→ Task goal
Set down the data below exactly; pictures stay out.
===== Stored data =====
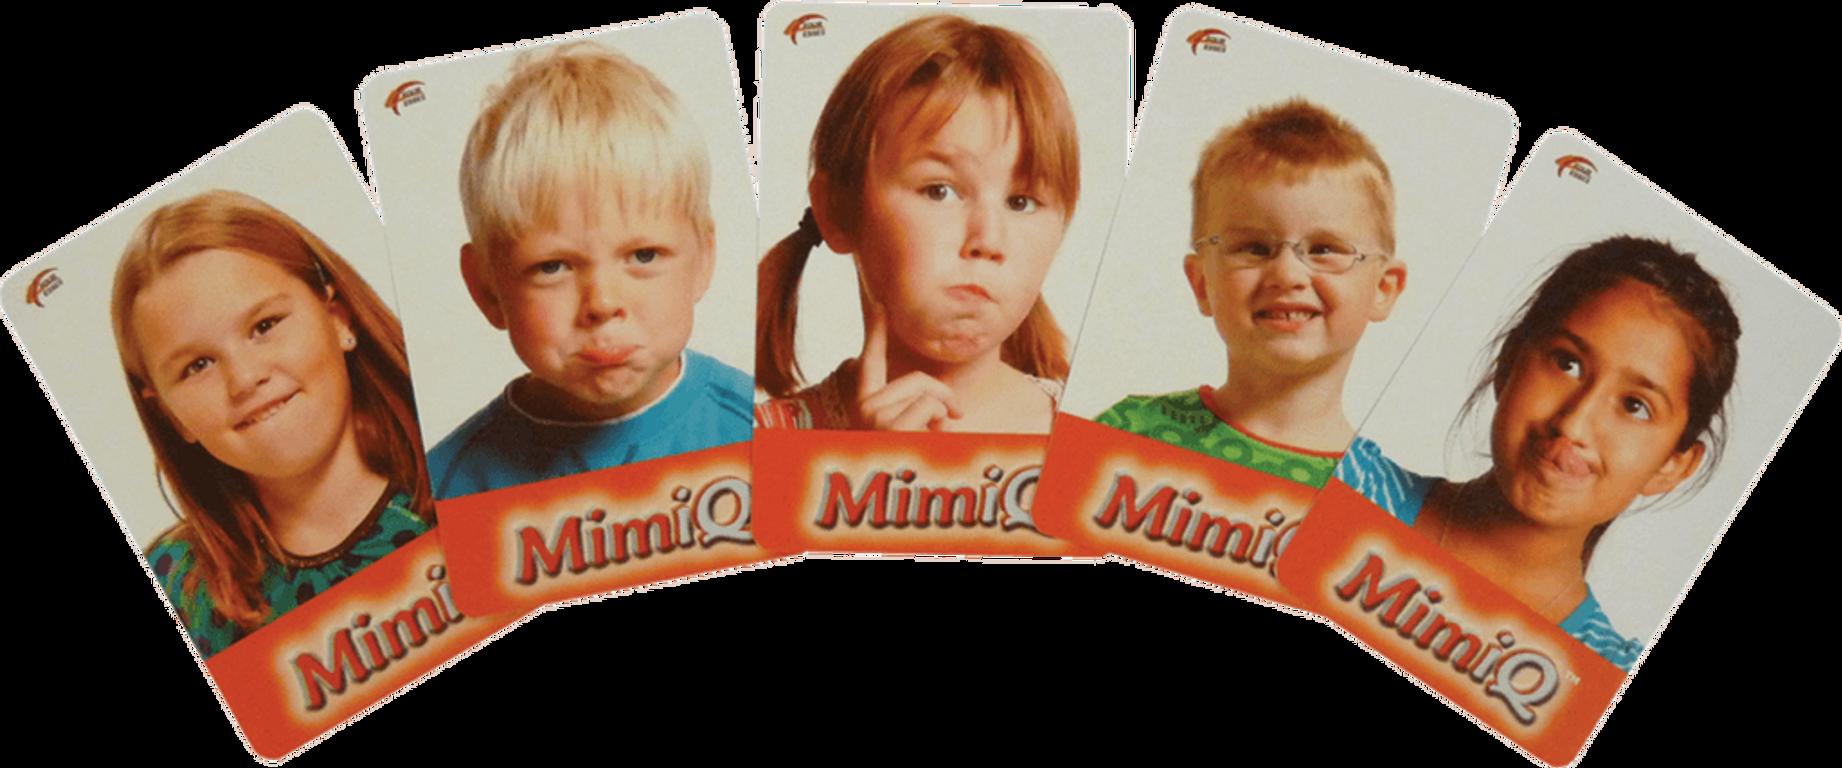 Mimiq cards
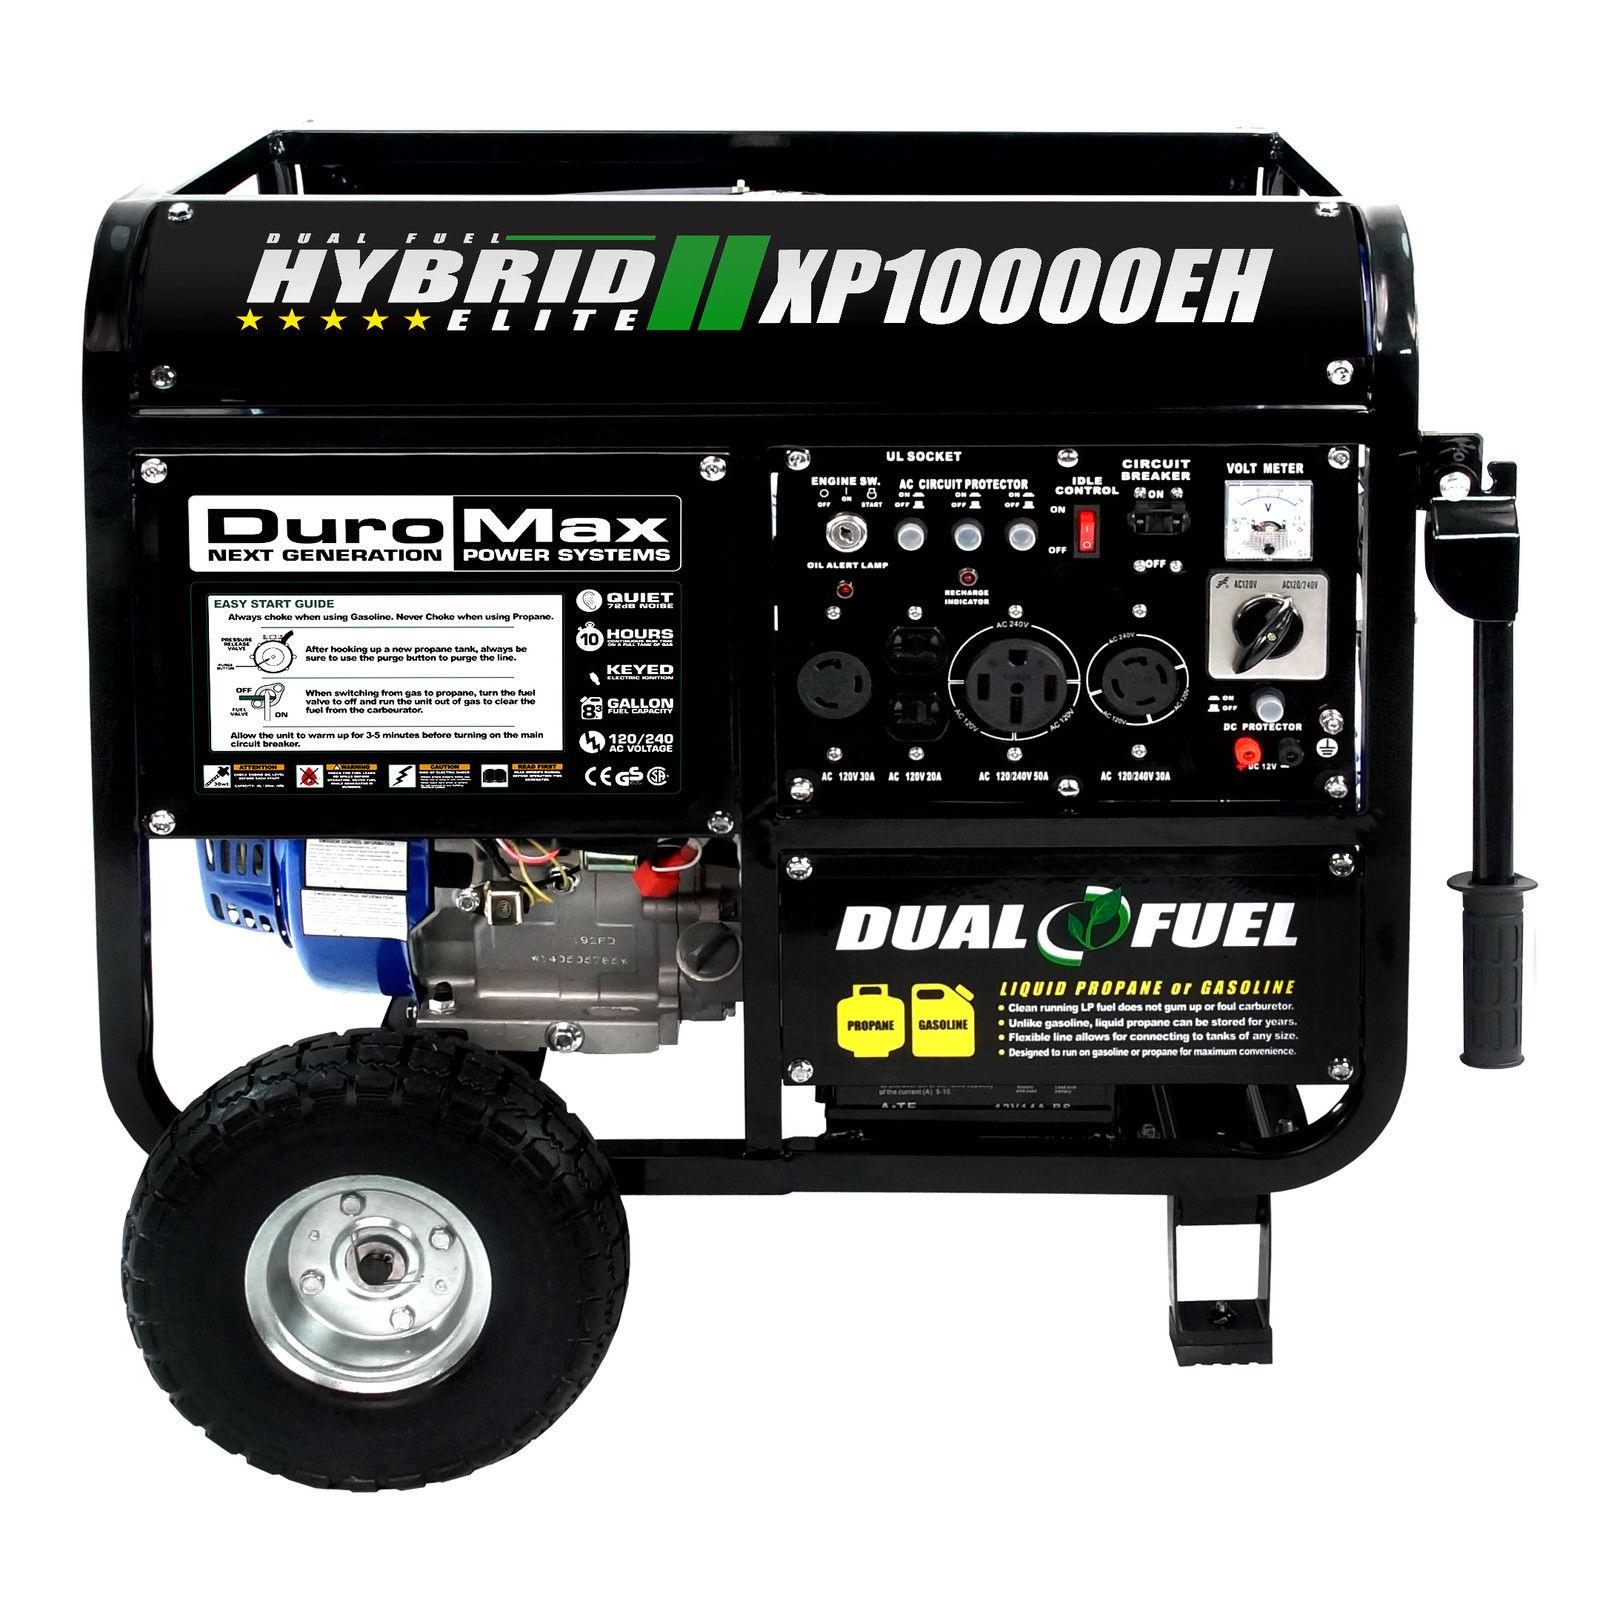 DuroMax XP10000EH Hybrid Portable Dual Fuel Propane / Gas Camping RV Generator - $599.99 + Free Shipping @ ebay.com
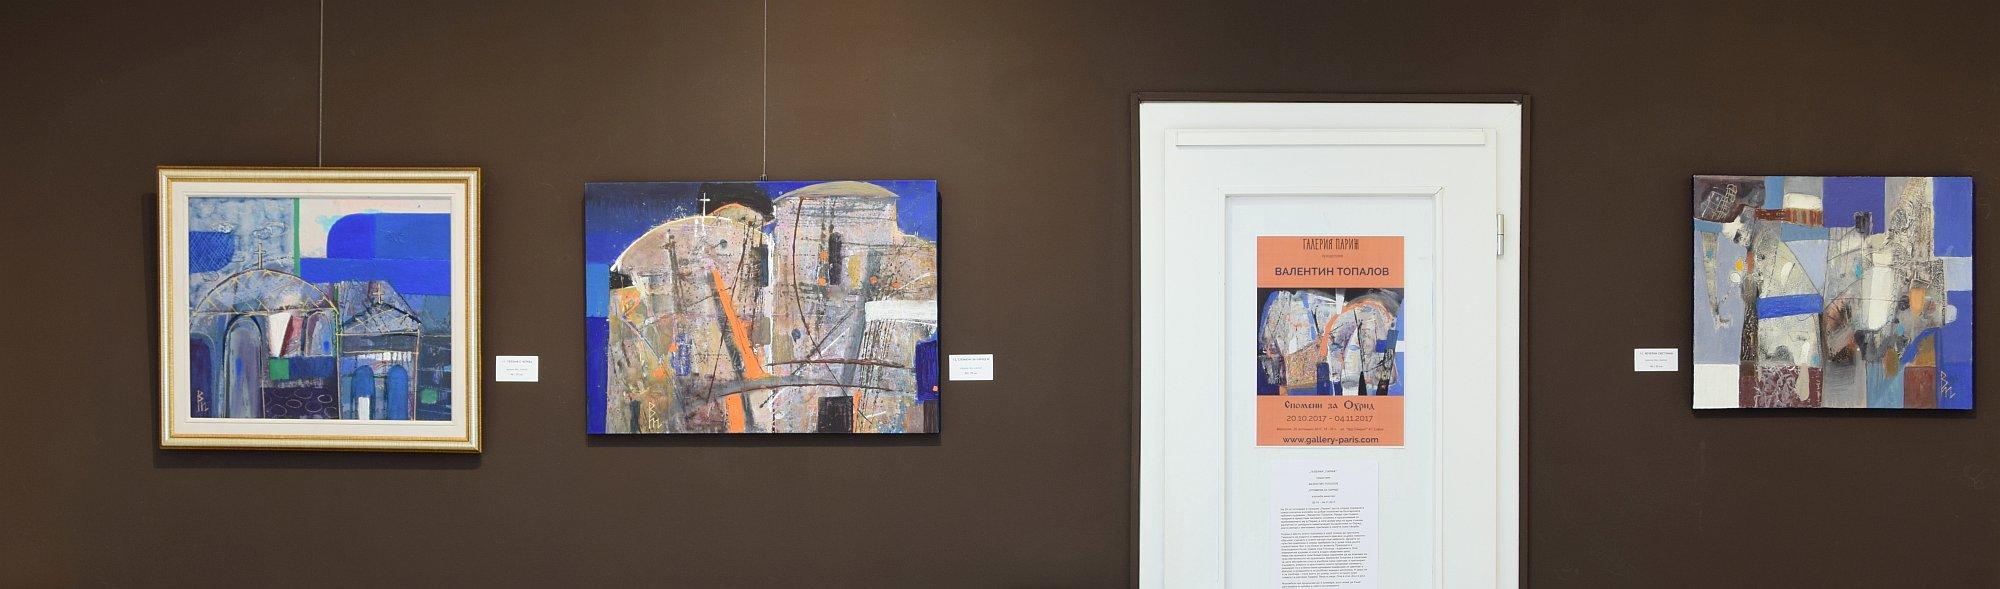 Валентин Топалов - абстрактна живопис в галерия Париж
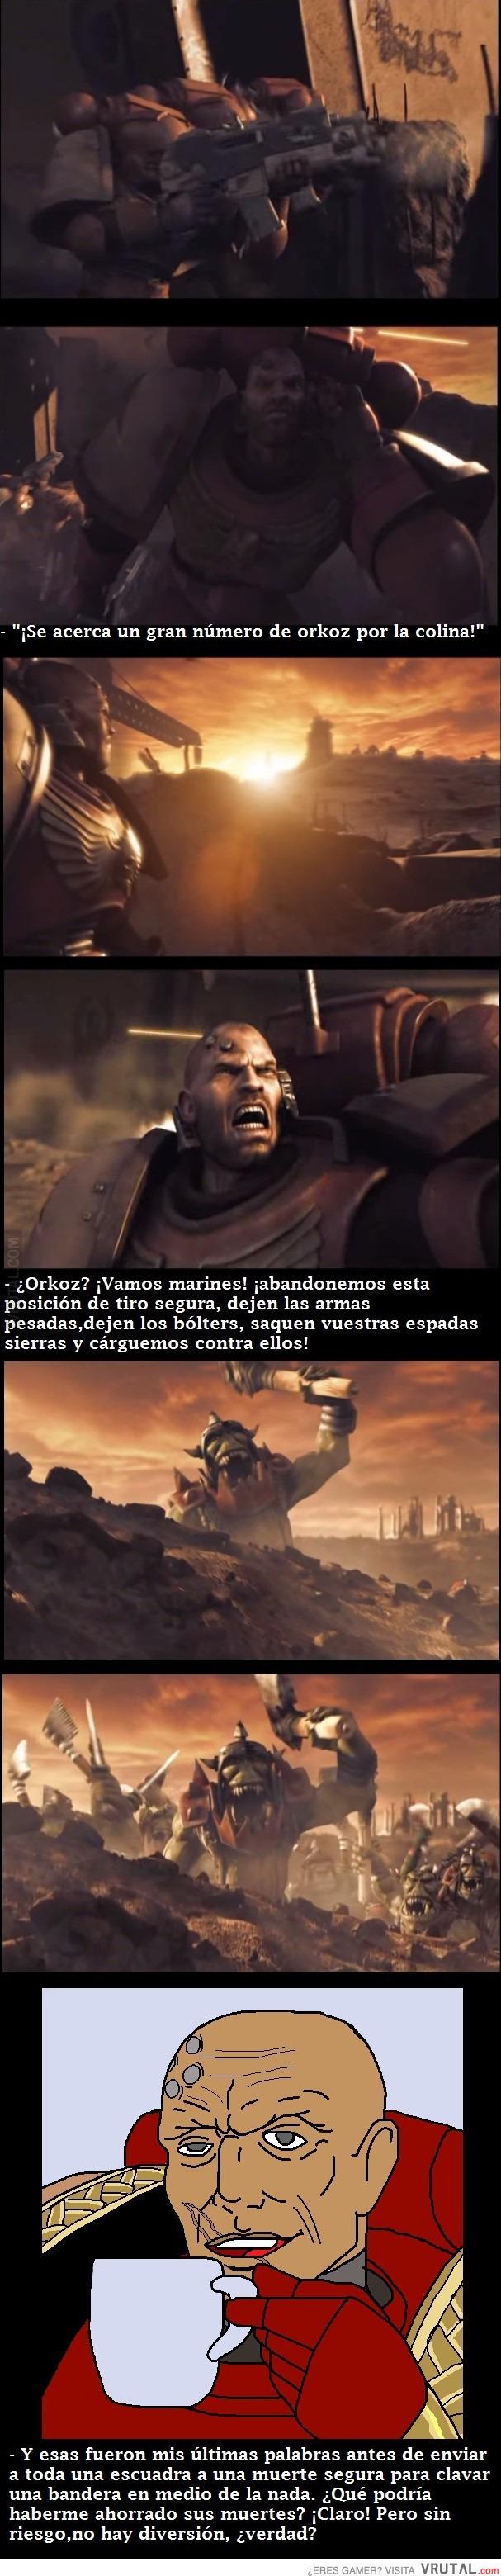 Humor & Warhammer VRU_14826_la_logica_en_la_intro_del_warhammer_40k_dawn_of_war
=====
→ Answer for the task
 Mimiq cards
 DuroMax XP10000EH Hybrid Portable Dual Fuel Propane / Gas Camping RV Generator - $599.99 + Free Shipping @ ebay.com
 Валентин Топалов - абстрактна живопис в галерия Париж
 Humor & Warhammer VRU_14826_la_logica_en_la_intro_del_warhammer_40k_dawn_of_war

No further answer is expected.